Девушка сидела внутри расписной цыганской кибитки, очень тесной и к тому же забитой развешанными по стенам полочками с экзотическими растениями и специями, цветастыми подушками, разбросанными по углам, лампами и гирляндами чеснока, свисавшими с низкого потолка. Она сидела нога на ногу, чтобы было удобней держать инструмент, но серая шерстяная юбка была такой длинной, что едва виднелись лодыжки. Мешковатая серая кофта с застежками спереди полностью скрывала простую белую блузку, роскошные каштановые волосы были убраны под старую косынку. Но даже блеклость наряда не могла скрыть яркий блеск ее глаз и нежный цвет лица.

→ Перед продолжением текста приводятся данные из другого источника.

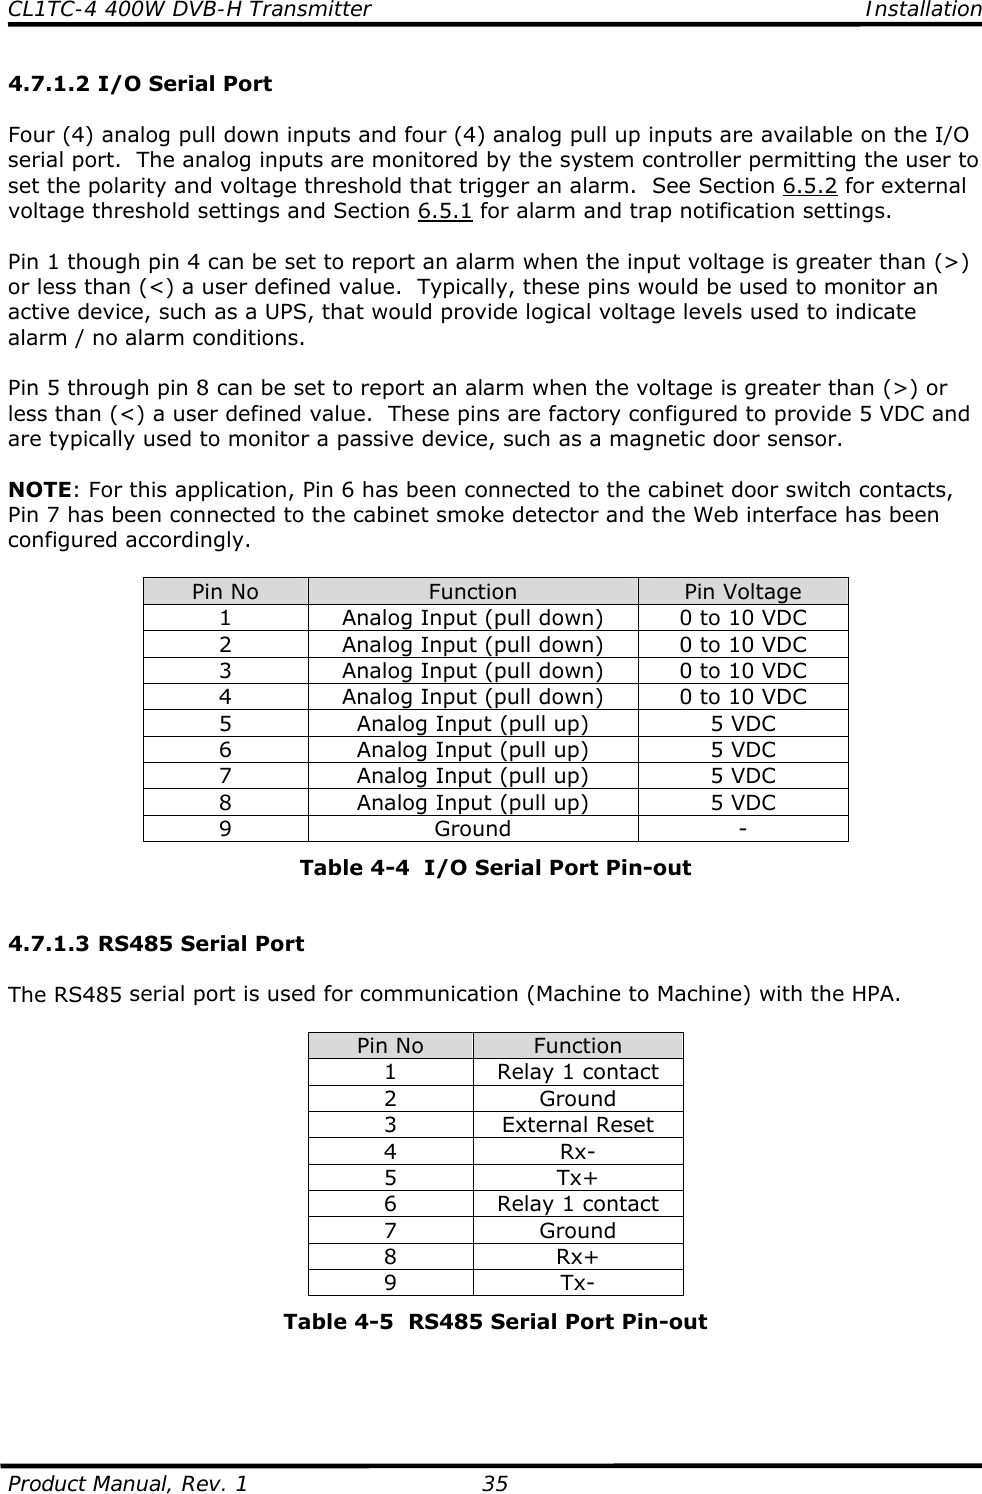 CL1TC-4 400W DVB-H Transmitter    Installation  Product Manual, Rev. 1  35 4.7.1.2 I/O Serial Port  Four (4) analog pull down inputs and four (4) analog pull up inputs are available on the I/O serial port.  The analog inputs are monitored by the system controller permitting the user to set the polarity and voltage threshold that trigger an alarm.  See Section 6.5.2 for external voltage threshold settings and Section 6.5.1 for alarm and trap notification settings.  Pin 1 though pin 4 can be set to report an alarm when the input voltage is greater than (&gt;) or less than (&lt;) a user defined value.  Typically, these pins would be used to monitor an active device, such as a UPS, that would provide logical voltage levels used to indicate alarm / no alarm conditions.  Pin 5 through pin 8 can be set to report an alarm when the voltage is greater than (&gt;) or less than (&lt;) a user defined value.  These pins are factory configured to provide 5 VDC and are typically used to monitor a passive device, such as a magnetic door sensor.  NOTE: For this application, Pin 6 has been connected to the cabinet door switch contacts, Pin 7 has been connected to the cabinet smoke detector and the Web interface has been configured accordingly.  Pin No  Function  Pin Voltage 1  Analog Input (pull down)  0 to 10 VDC 2  Analog Input (pull down)  0 to 10 VDC 3  Analog Input (pull down)  0 to 10 VDC 4  Analog Input (pull down)  0 to 10 VDC 5  Analog Input (pull up)  5 VDC 6  Analog Input (pull up)  5 VDC 7  Analog Input (pull up)  5 VDC 8  Analog Input (pull up)  5 VDC 9 Ground  - Table 4-4  I/O Serial Port Pin-out   4.7.1.3 RS485 Serial Port  The RS485 serial port is used for communication (Machine to Machine) with the HPA.  Pin No  Function 1  Relay 1 contact 2 Ground 3 External Reset 4 Rx- 5 Tx+ 6  Relay 1 contact 7 Ground 8 Rx+ 9 Tx- Table 4-5  RS485 Serial Port Pin-out

Магда полностью погрузилась в мир музыки, уносивший ее прочь из реальности, которая с каждым днем становилась все более враждебной. В мире музыки не было места тем, кто ненавидел евреев. Они отняли у отца работу в университете, вынудили уехать из родного дома, где они с отцом прожили много лет, лишили престола ее короля — не то чтобы она очень уж любила короля Кароля, однако он был законным монархом — и посадили вместо него генерала Антонеску с Железной гвардией. Но они не могли отнять у нее ее музыки.

— Правильно? — спросила она, когда замер последний аккорд и в кибитке воцарилась тишина.

Старая женщина, сидевшая в углу возле крошечного круглого дубового столика, улыбнулась, отчего вокруг ее черных цыганских глаз собрались морщинки.

— Почти. Только в середине должно звучать так.

Старуха положила на стол тщательно перетасованную колоду потрепанных карт и взяла инструмент, напоминавший волынку. Она поднесла трубки к губам и принялась дуть, став при этом похожей на сморщенного Пана. Магда стала подыгрывать и вскоре поняла, что действительно ее запись не совсем верна, и тут же внесла исправления.

— Теперь, пожалуй, все. — Девушка не без удовольствия собрала листки в аккуратную стопку. — Большое тебе спасибо, Йозефа.

Женщина протянула руку:

— Дай-ка взглянуть.

Магда передала ей листок и с любопытством наблюдала, как глаза цыганки перебегают со строчки на строчку. Йозефа считалась пхури дай — мудрой женщиной своего табора. Папа часто рассказывал, какой сногсшибательной красавицей была она в юности. Теперь ее обветренная кожа высохла и сморщилась, волосы, некогда черные как вороново крыло, стали серебряными, тело оплыло. Однако голова по-прежнему оставалась ясной.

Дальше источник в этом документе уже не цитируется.